Ferdinand von Kölrnberg aspiraba el humo de su cigarrillo mientras su amante, la baronesa

Helga lo contemplaba irónicamente extasiada.

-Entonces, querido, ¿te casarás con la hermosa Stasia?

-Está previsto. Pronto se anunciará el compromiso, en cuanto el Emperador nos dé su bendición.

-¿Y ella está muy entusiasmada?- Preguntó Helga con voz burlona.

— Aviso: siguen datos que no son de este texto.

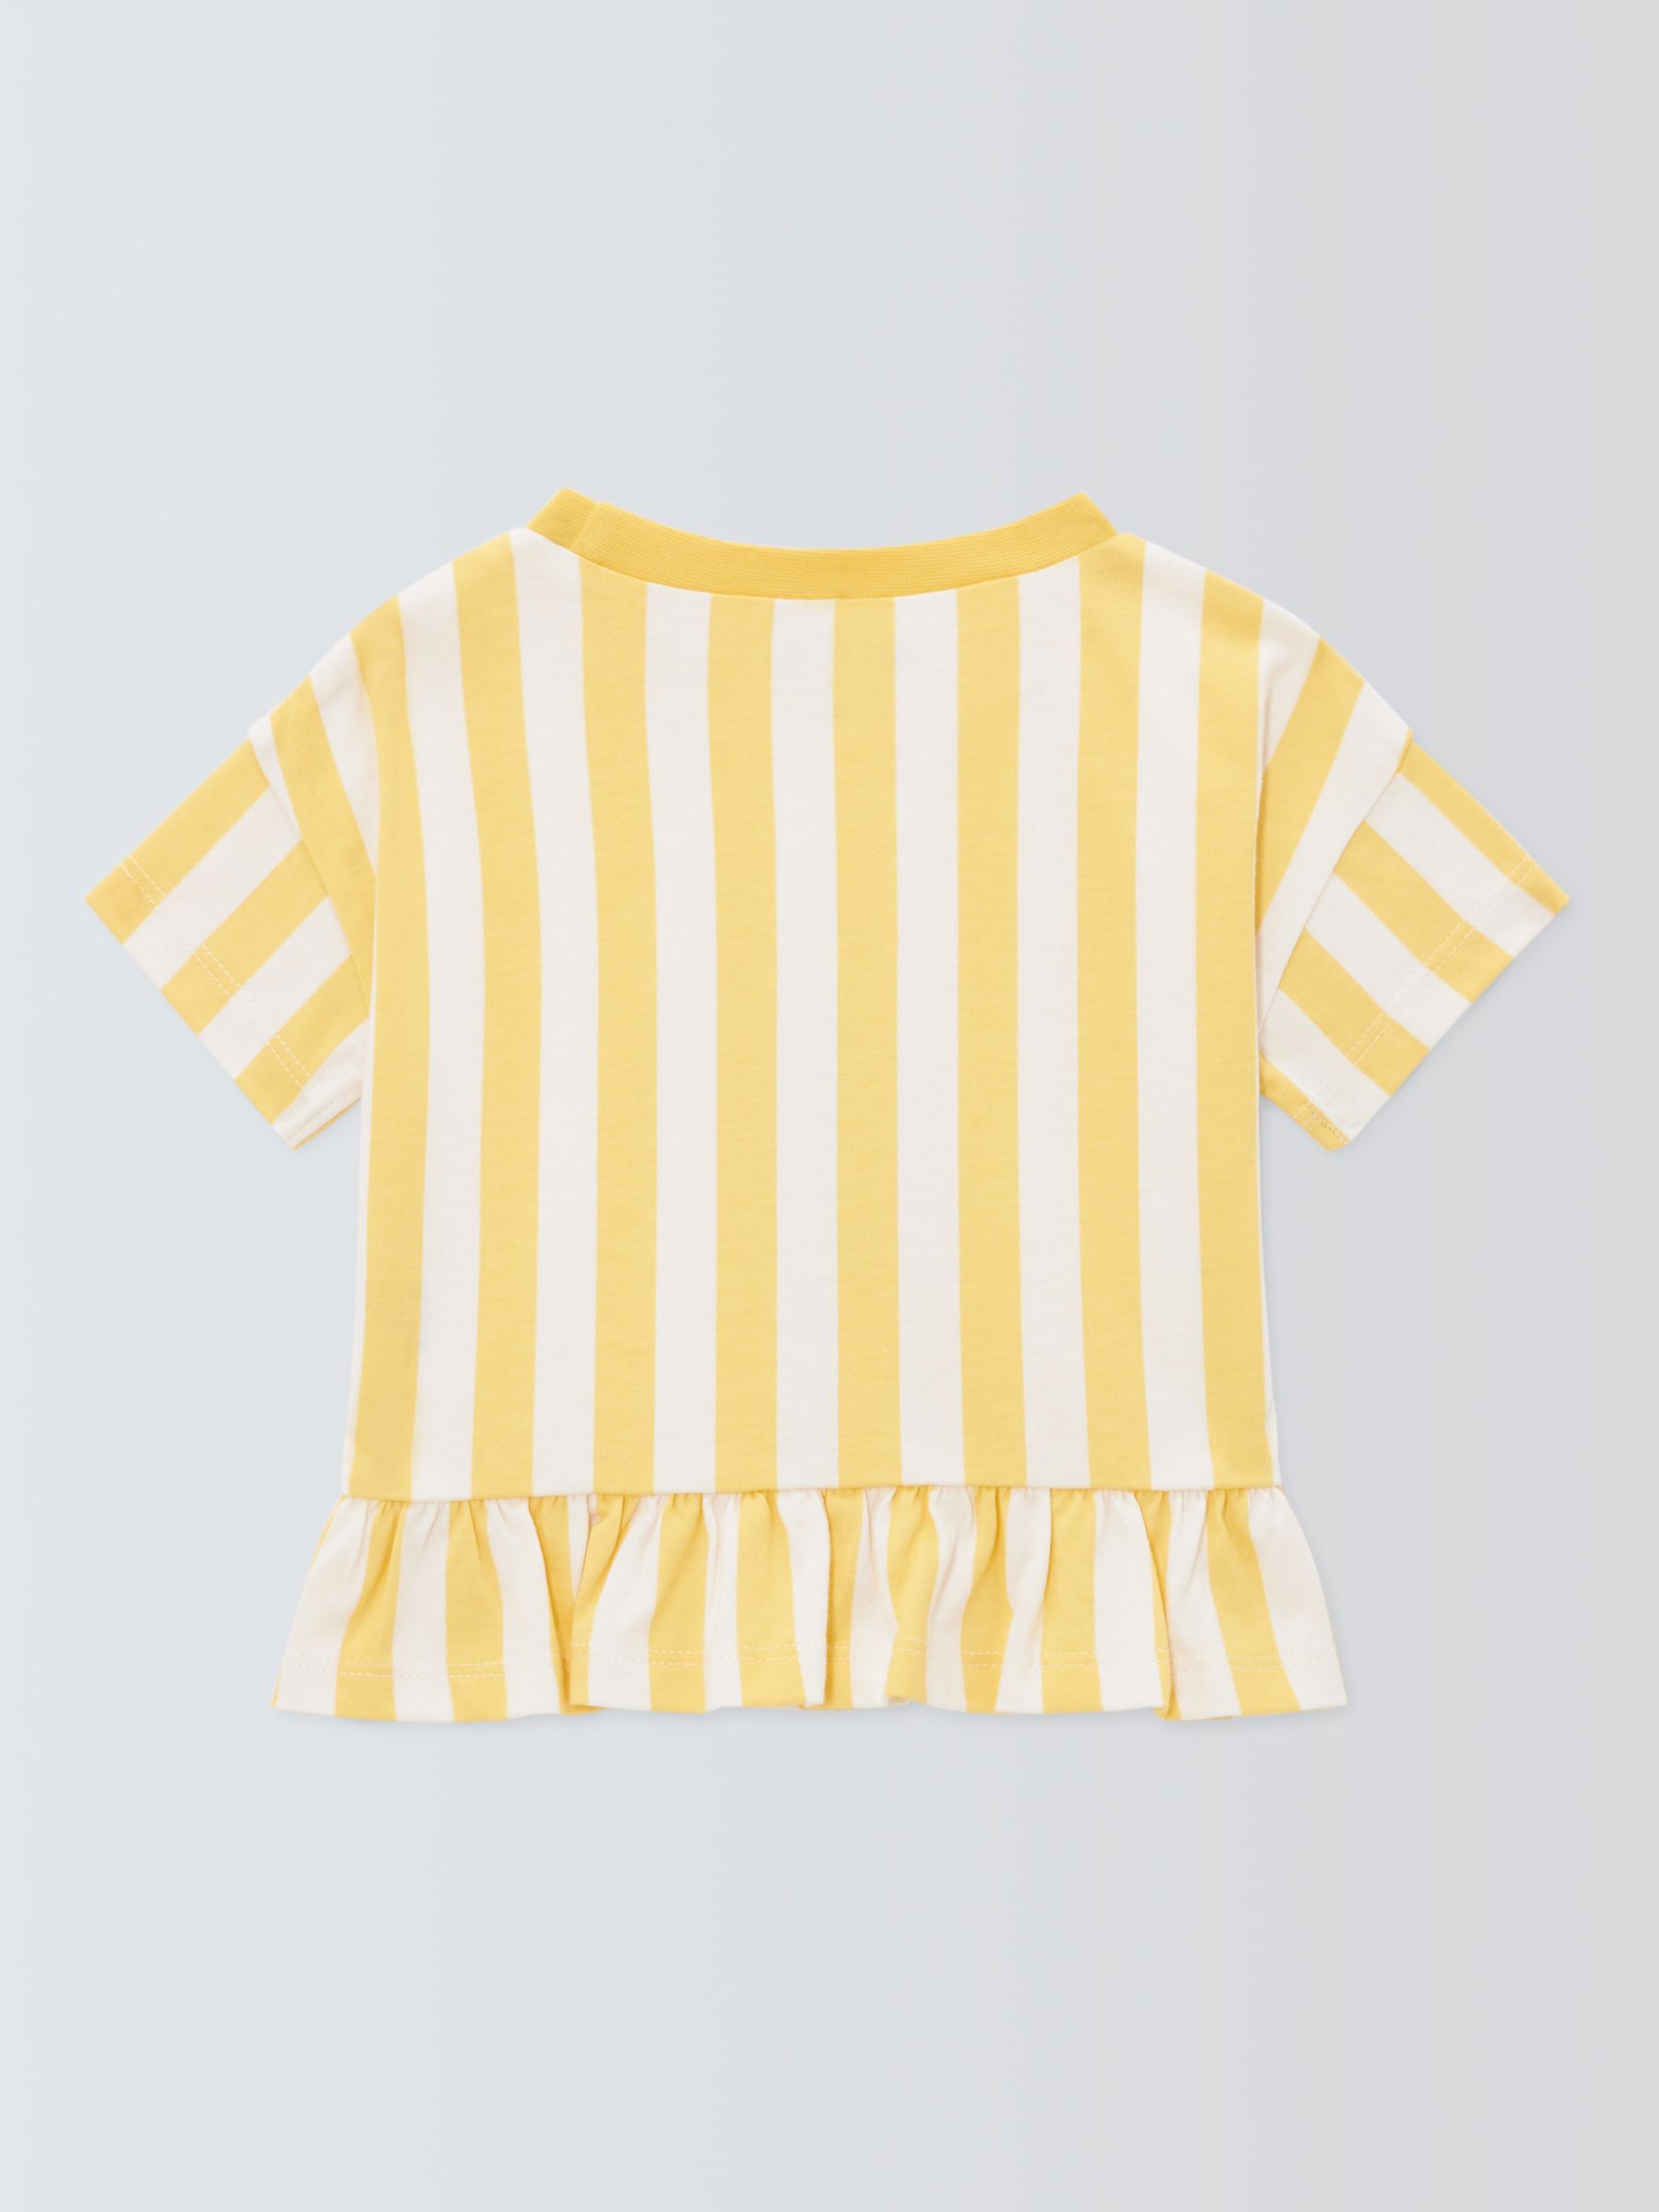 John Lewis ANYDAY Baby Ice Cream Stripe Top, Yellow/Multi, 3-6 months
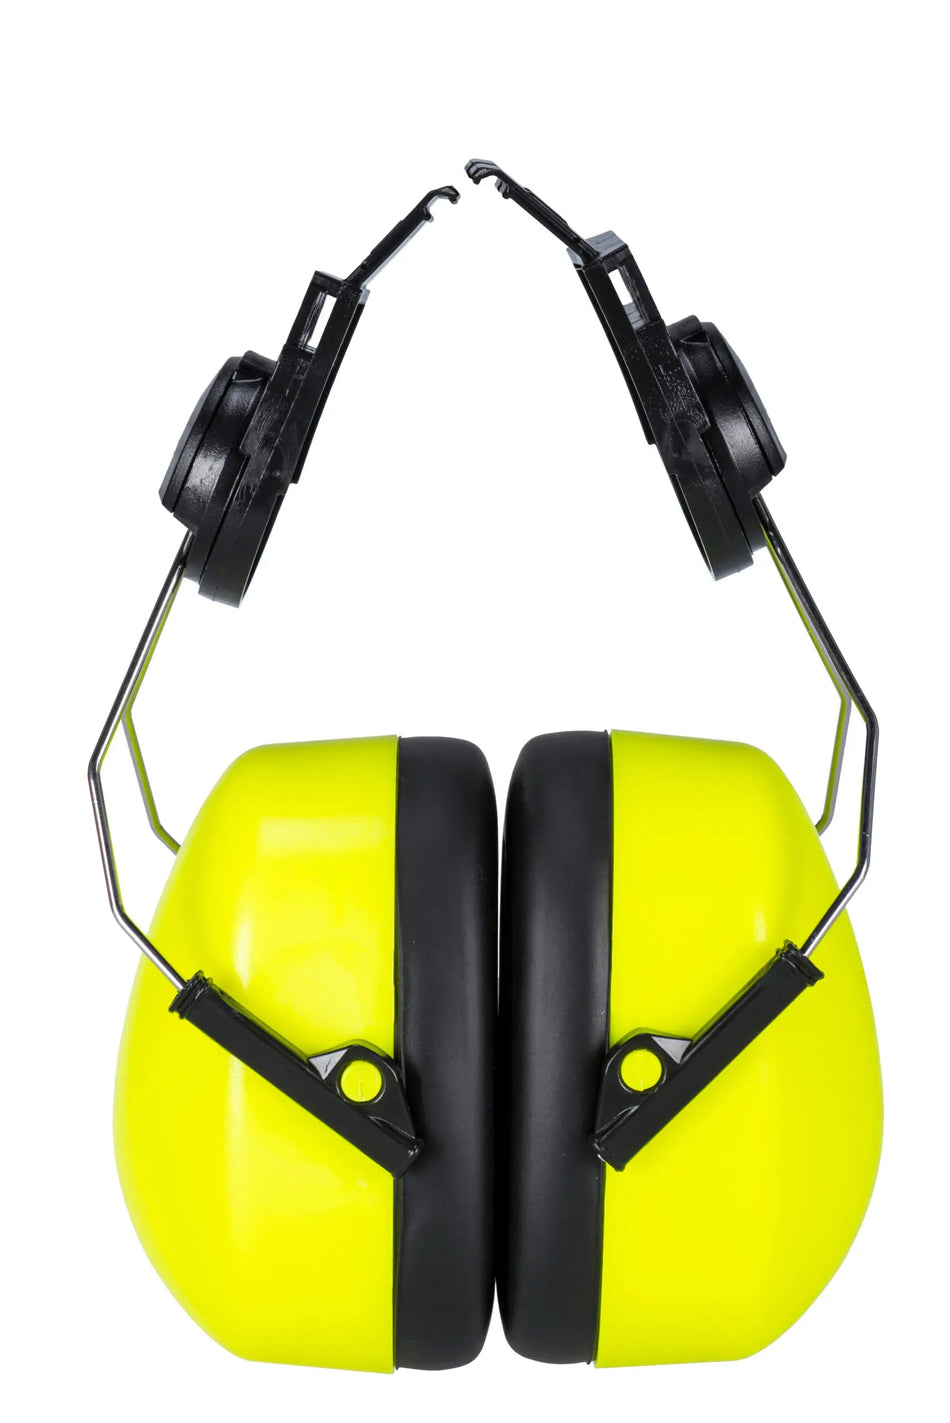 PS47 Endurance HiVis Clip-on Gehörschutz Gelb Workschutz

-Ni lo sé, ni me importa. Es un buen partido, una criatura hermosa, su familia engendra buenos descendientes sanos que llegan a la edad adulta y es todo lo que me importa. Será una perfecta duquesa y recibiremos como debe ser a la aristocracia vienesa en nuestros salones.

-Tú te convertirás en un fiel esposo…

-Eso te lo inventas tú.

Helga rió de buena gana. Era una mujer alta, curvilínea, rubia, muy elegante. Con sus esplendidos treinta y ocho años caminaba casi deslizándose por las alfombras de su palacete, sobre suelos de perfecta tarima barnizada.

-¿Tus hijos no están en casa?

-No, han salido con su padre.

-Ah, cuidado a donde les lleva tu marido…

-¿Por qué dices eso?

-Ya sabes…- se burló el otro.

-Su padre es un empresario con éxito que sabe darles la mejor educación.

-Helga, ¿desde cuándo no te acuestas con tu marido?

-Desde hace muchos años, ¿pero eso qué tiene que ver ahora? Mi marido es un hombre excelente.

-Tu marido es un homosexual perdido que va en compañía de cuanto jovenzuelo pesque- Lo soltó con tal desprecio en su voz que Helga no pudo contenerse:

-Lo hace con toda la discreción del mundo. Ha cumplido con su deber y tiene derecho a la vida. Es un hombre bueno con los miles de trabajadores a su cargo, excelente marido y padre. En cambio tú, eres un tarambana y un golfo sin oficio ni beneficio por más apellidos ilustres que tengas, ni la carrera en el ejército pudiste terminar por indisciplinado y perezoso. Por hombres como tú caerá el Imperio, nuestro estilo de vida y ya podremos ir llorando los de arriba y los de abajo.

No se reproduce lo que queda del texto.